[Opening Given material section]

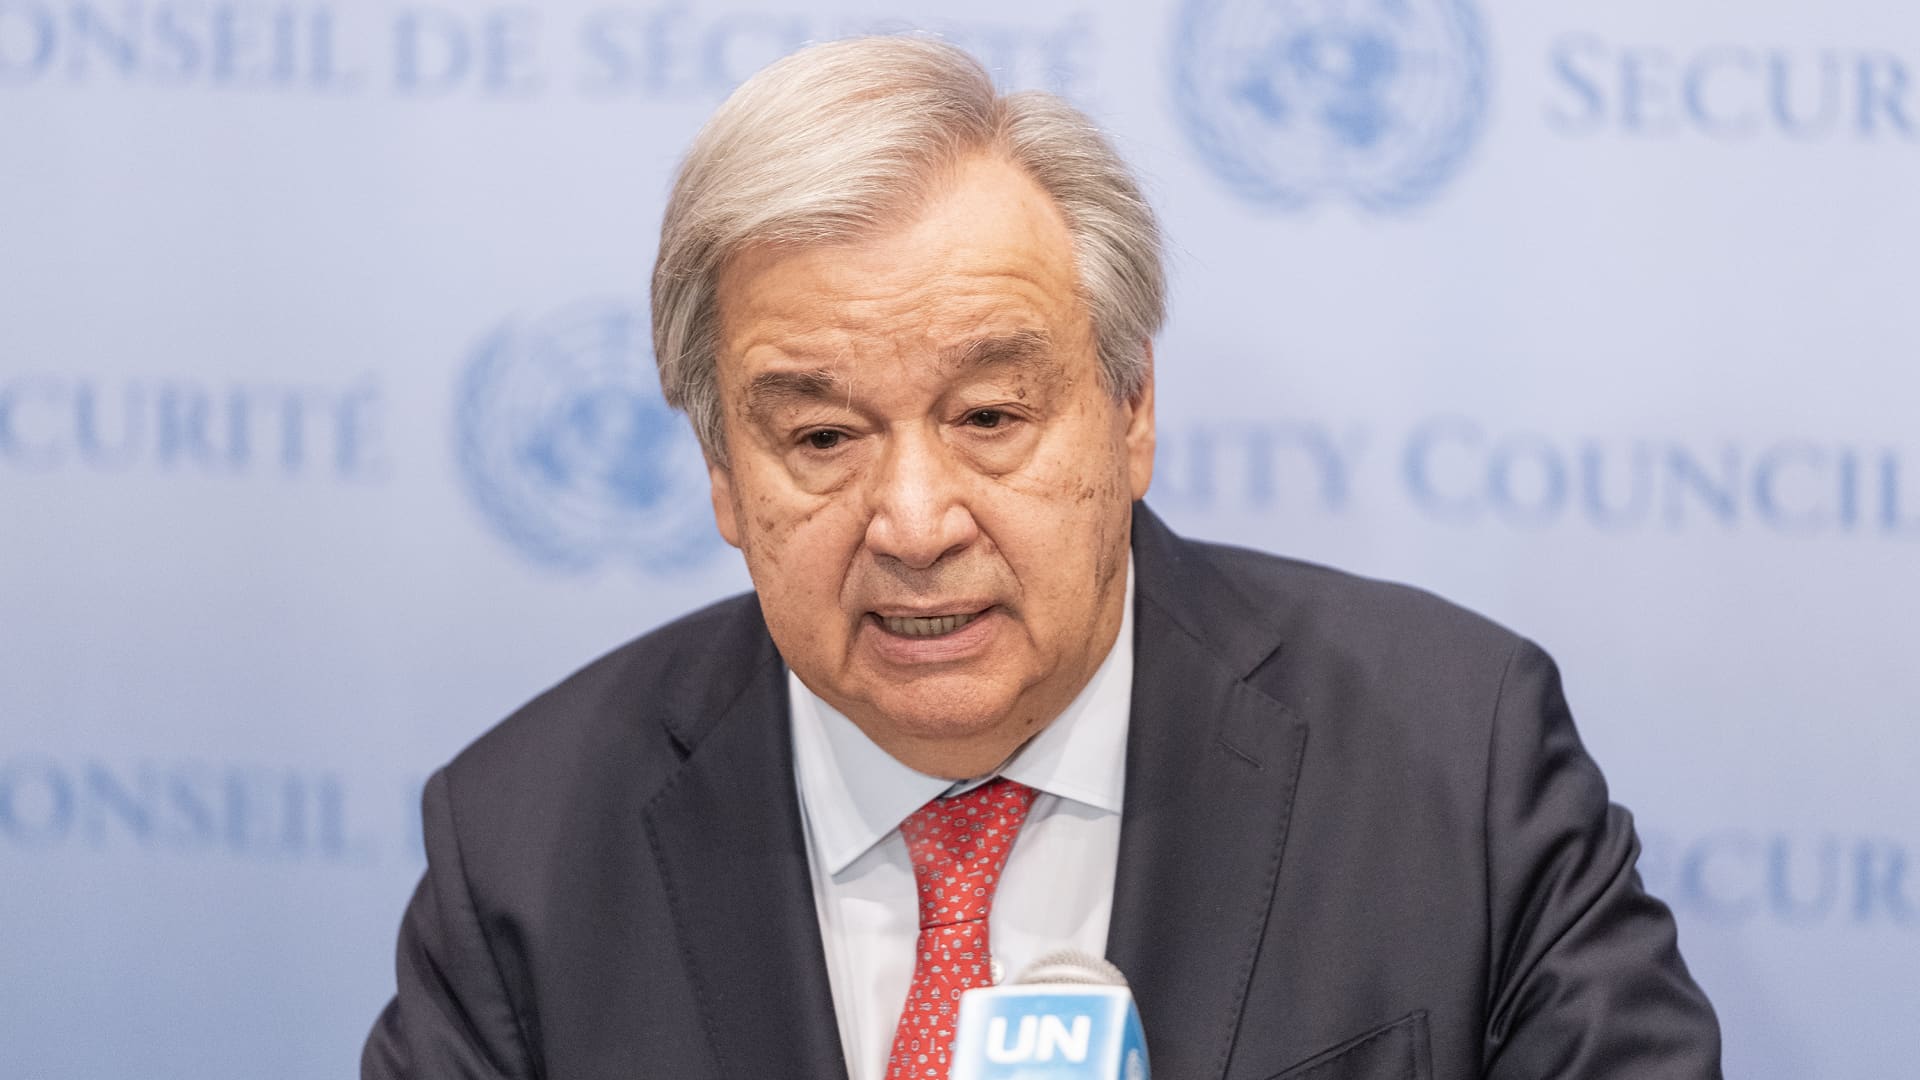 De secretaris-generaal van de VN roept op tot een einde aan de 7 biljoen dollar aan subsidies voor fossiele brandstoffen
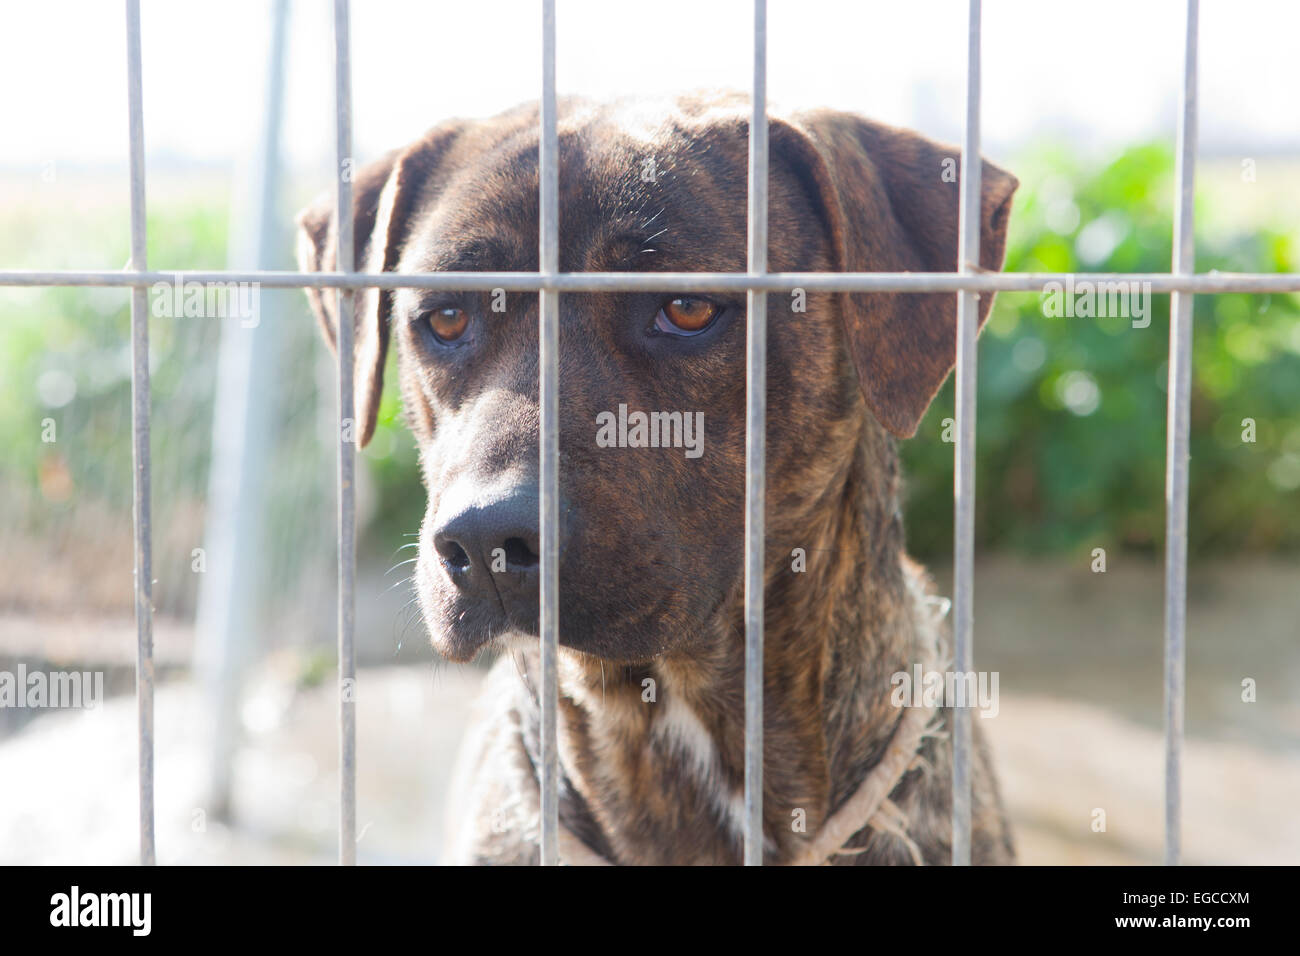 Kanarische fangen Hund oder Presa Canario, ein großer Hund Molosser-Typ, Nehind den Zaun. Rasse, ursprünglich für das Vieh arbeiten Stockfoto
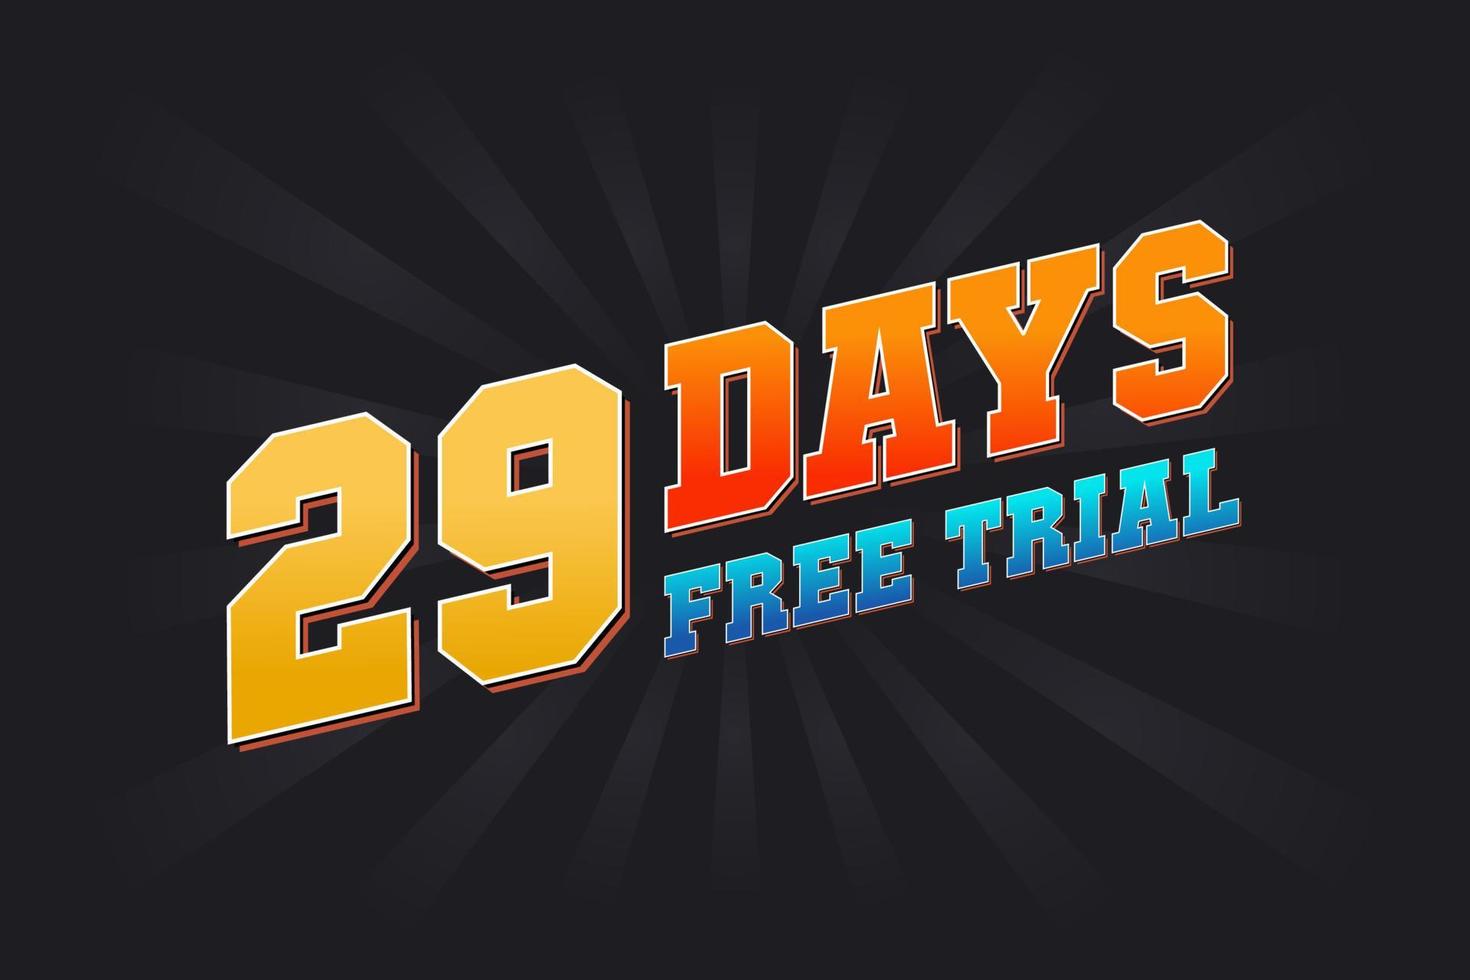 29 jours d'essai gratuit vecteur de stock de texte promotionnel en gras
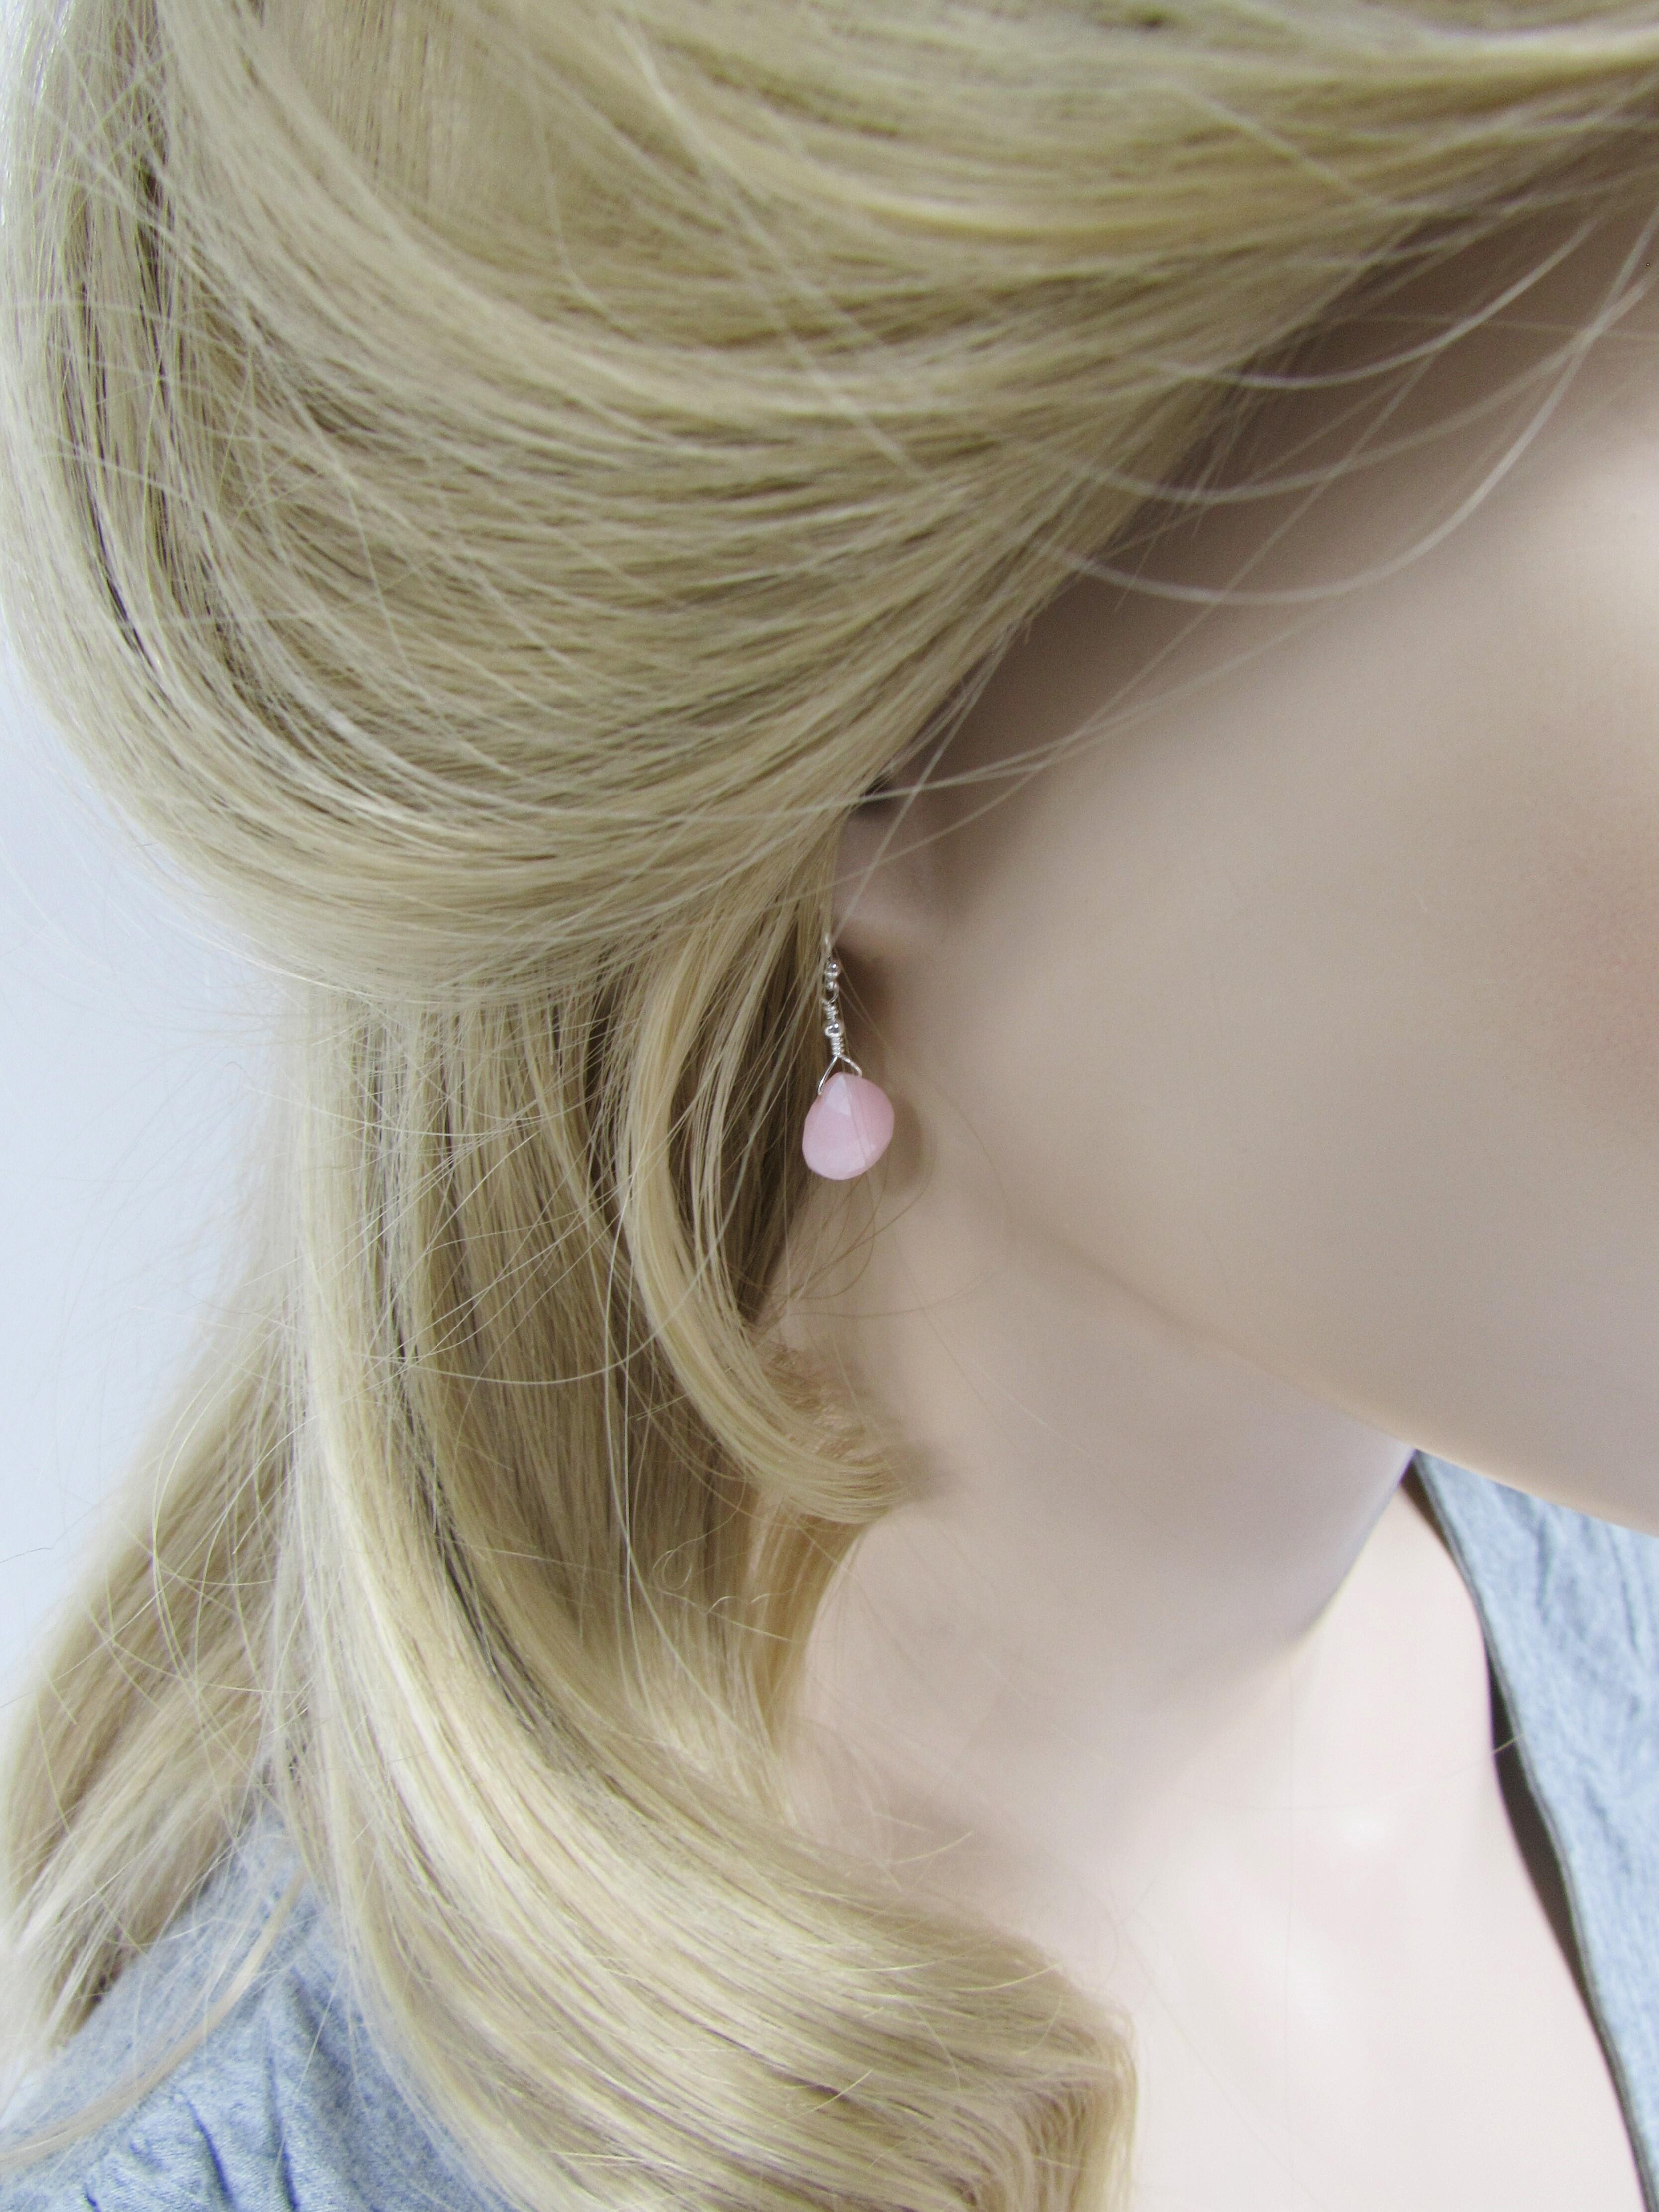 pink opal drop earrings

[Closing Given material section]

Task requirements:
Whenever you reach a picture, pass over it; print all the other material exactly.

Response:
 De secretaris-generaal van de VN roept op tot een einde aan de 7 biljoen dollar aan subsidies voor fossiele brandstoffen
 Kanarische fangen Hund oder Presa Canario, ein großer Hund Molosser-Typ, Nehind den Zaun. Rasse, ursprünglich für das Vieh arbeiten Stockfoto
 29 jours d'essai gratuit vecteur de stock de texte promotionnel en gras
 pink opal drop earrings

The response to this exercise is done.